━━ The records ━━

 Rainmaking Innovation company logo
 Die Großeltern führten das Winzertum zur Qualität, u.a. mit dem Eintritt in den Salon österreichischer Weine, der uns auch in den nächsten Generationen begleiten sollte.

━━━
━━ The records ━━

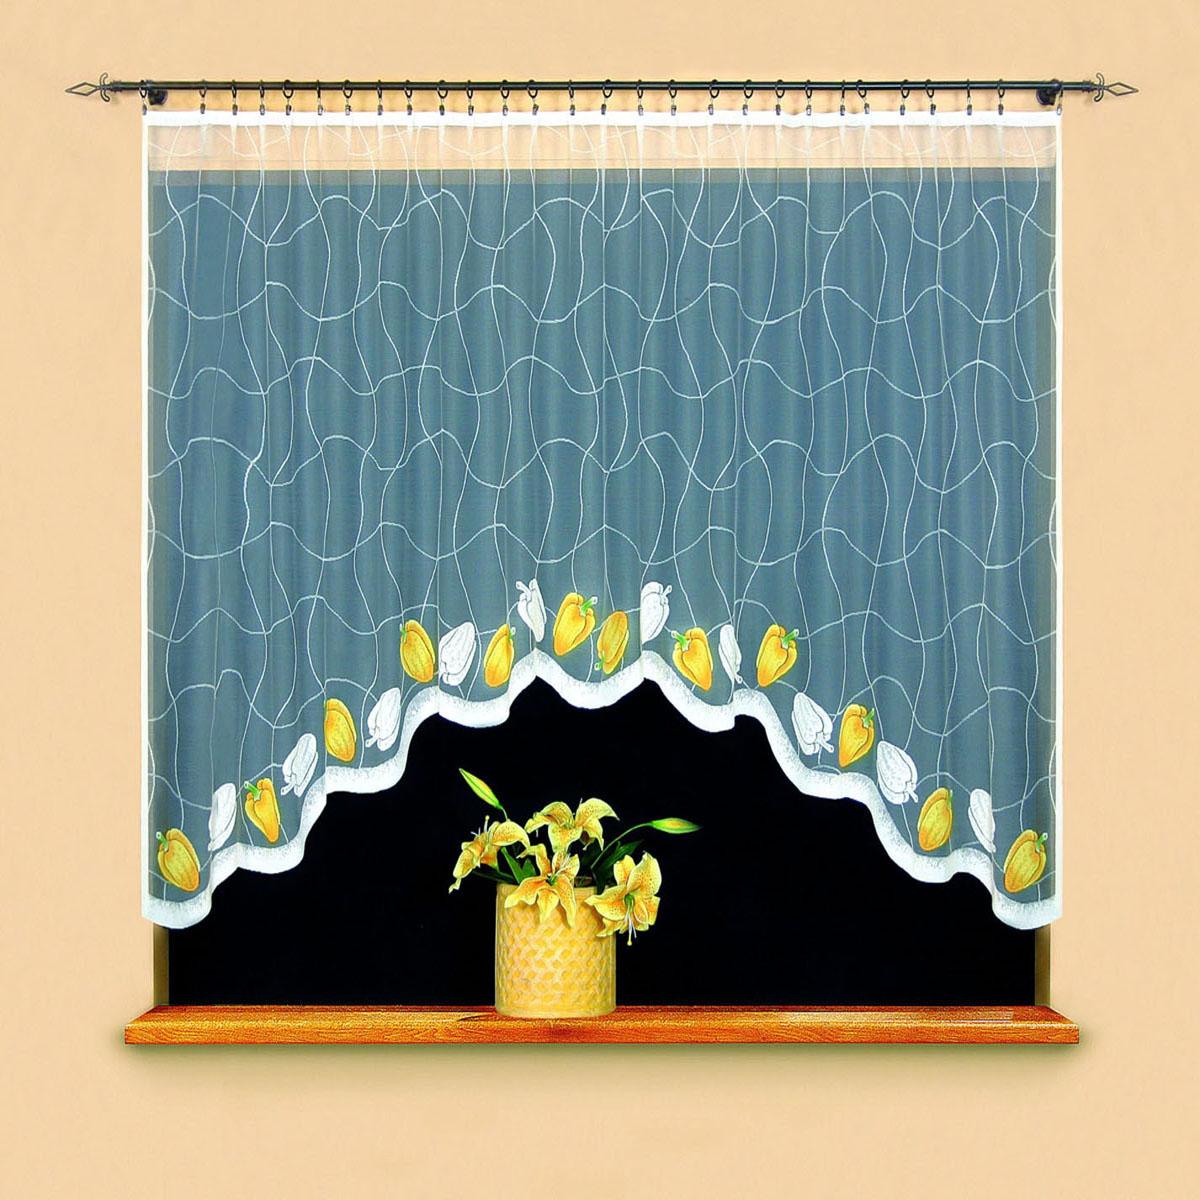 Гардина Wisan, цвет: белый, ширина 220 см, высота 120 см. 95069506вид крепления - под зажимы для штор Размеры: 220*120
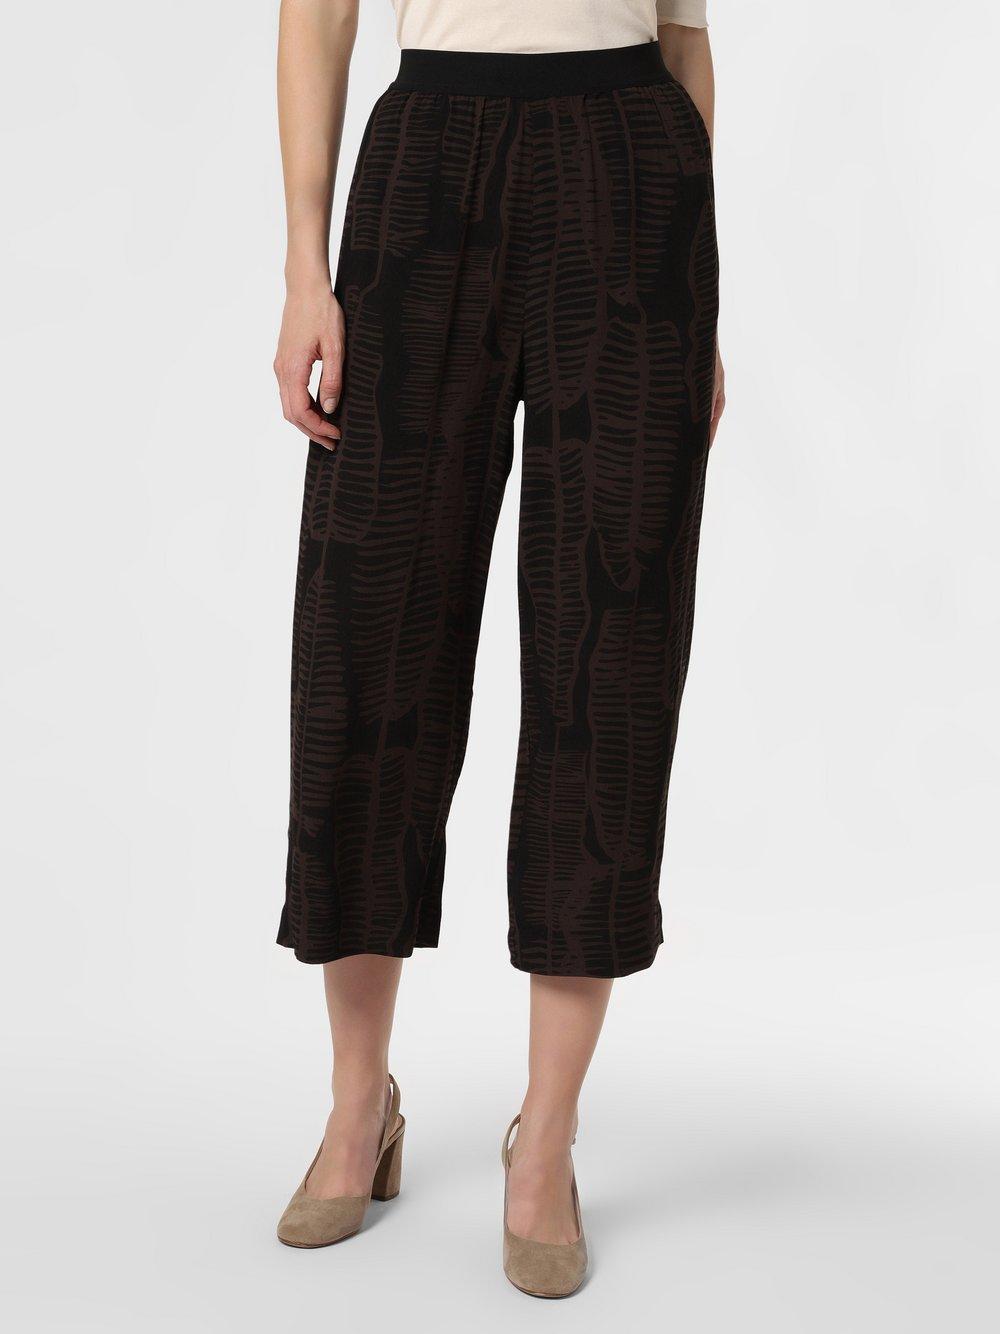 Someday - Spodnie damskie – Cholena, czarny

━━━
━━ The records ━━

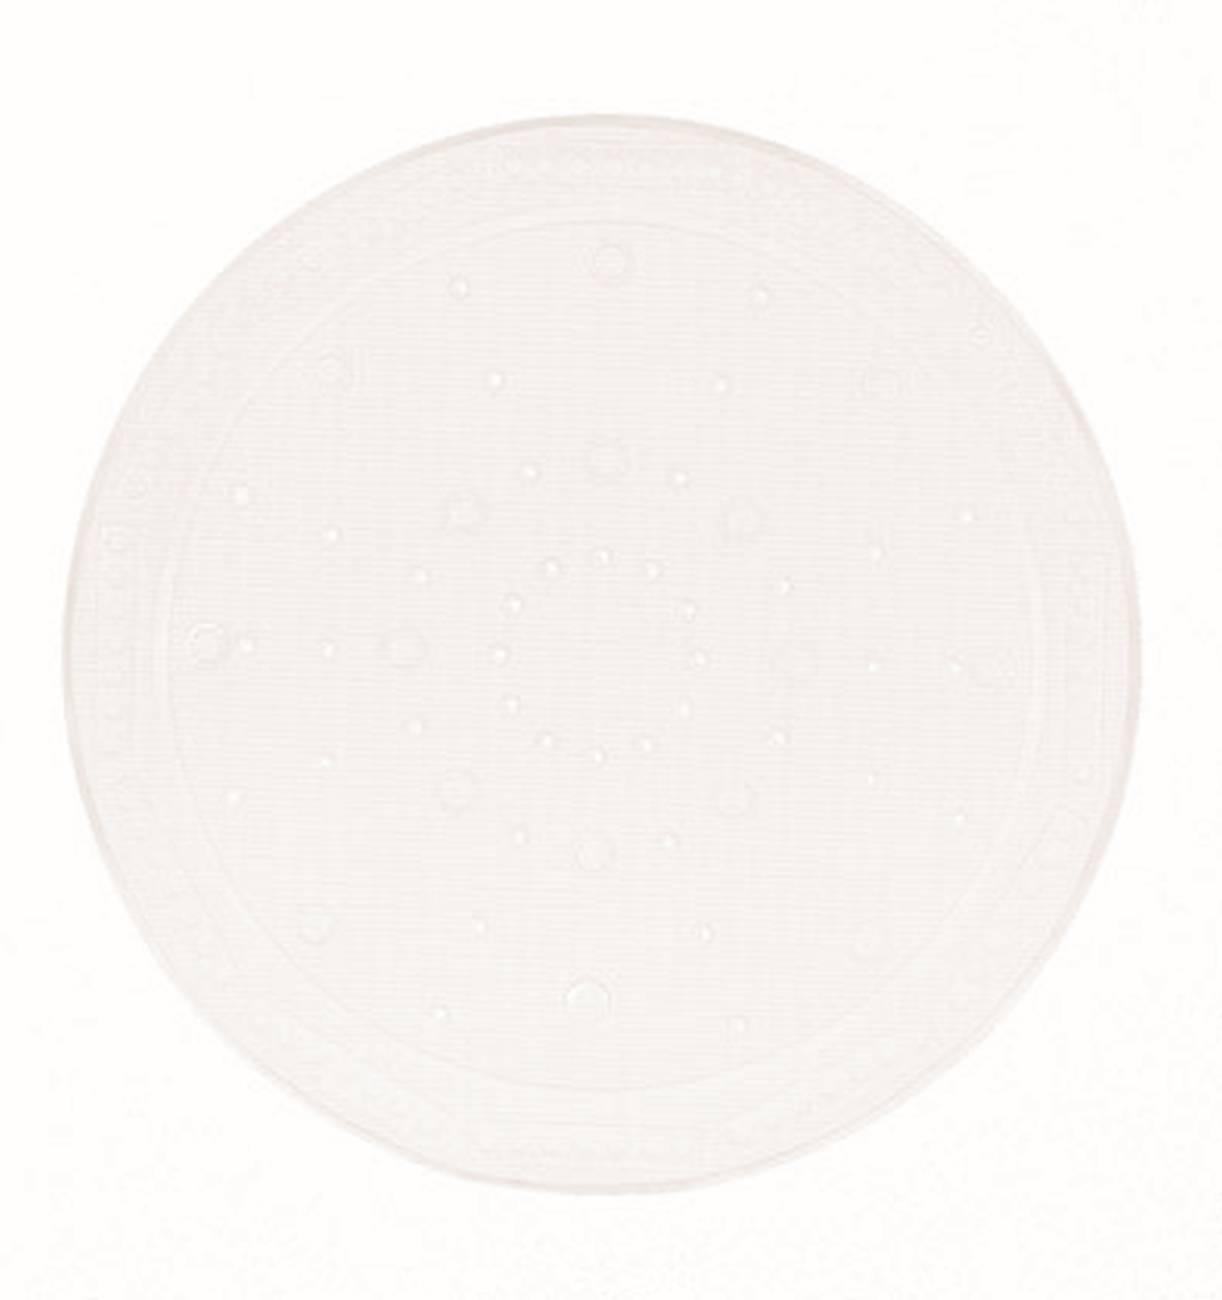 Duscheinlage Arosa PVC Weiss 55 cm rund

━━━

Exercise goal => Copy the lines of the data above exactly as written, beginning with the line containing "Rainmaking Innovation company logo" and ending with the line containing "Die Großeltern führten", and leave out all other lines.

Expected answer =>
 Rainmaking Innovation company logo
 Die Großeltern führten das Winzertum zur Qualität, u.a. mit dem Eintritt in den Salon österreichischer Weine, der uns auch in den nächsten Generationen begleiten sollte.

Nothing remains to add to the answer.